Wolfe: One thing that is really important to me was to honor that life. It's not like nobody knows the history but it's not necessarily mainstream history. The politics are very fascinating, the issues about safety and the consideration for the people who are working and what's involved in it. I really wanted to leave it open for people to think. I didn't want to hammer them over the head and say, "Listen to this. This is a big political issue." It really was, "Here's what happened. Here's this life and who are we in relationship to that?" We're them. They're us. And, basically, these people, working underground, under very dangerous conditions, fueled the nation. That's fascinating and very important to understand.

Huizenga: What about your career now? How does winning this Pulitzer change it?

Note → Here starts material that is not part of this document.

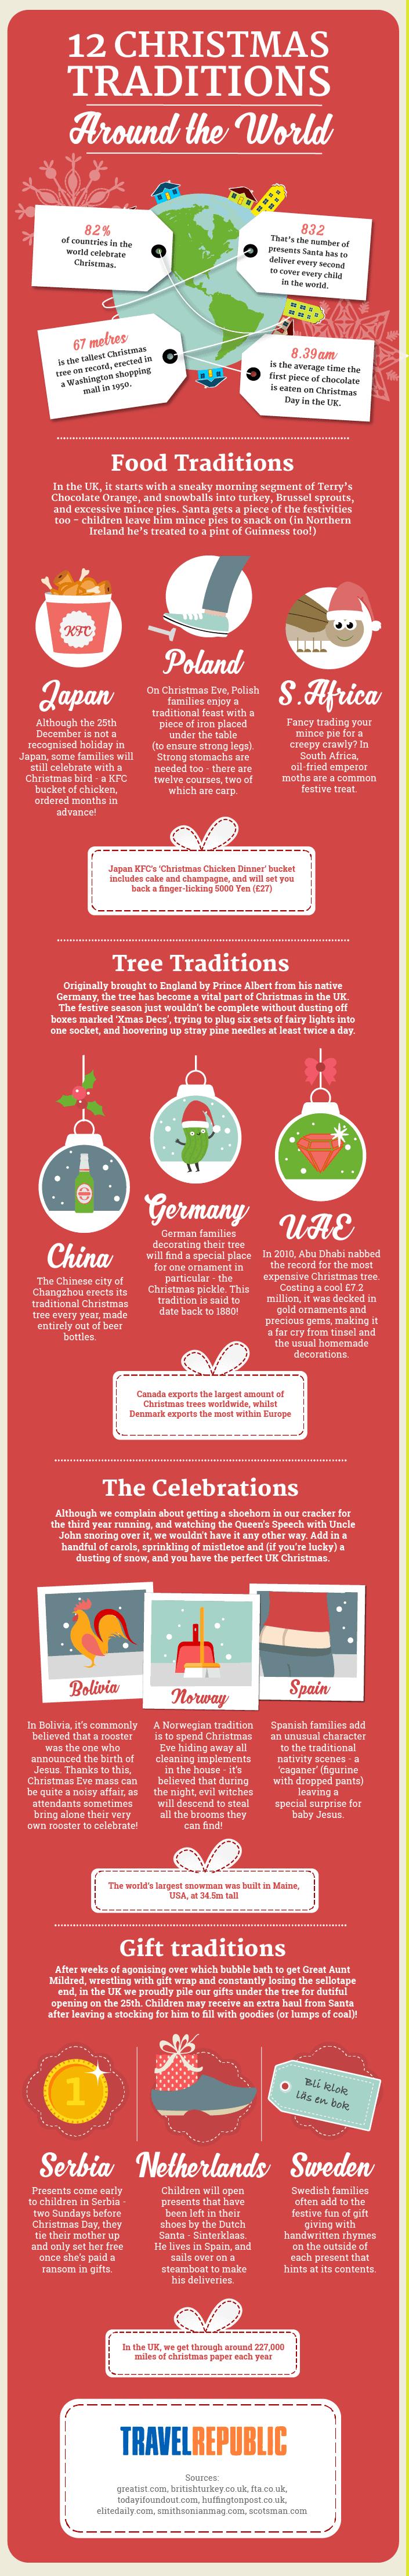 Christmas Traditions Around The World.Christmas Traditions Around The World Daily Infographic

Wolfe: I feel like it shines a light on the work of an individual and where they are coming from. I think of myself as a renegade. Probably I'm not supposed to say that. Someone else is supposed to say that about me. But I've always been someone who challenges the system and tries to reach for something beyond the status quo, not do business as usual. Somehow my mother has survived that [laughs]. This idea that you go your own route is very strong inside of me and so when you get recognition, the thing that is gratifying is that somebody says, "Hey that's great. We appreciate what you're striving for." And this is one of those moments. I feel very fortunate, even before the Pulitzer, to have a wonderful life in music working with amazing musicians. But this is one of those moments where the light shines on that so I would hope it supports that, supports reaching for something outside of the box.

A recording of Anthracite Fields will be released in September.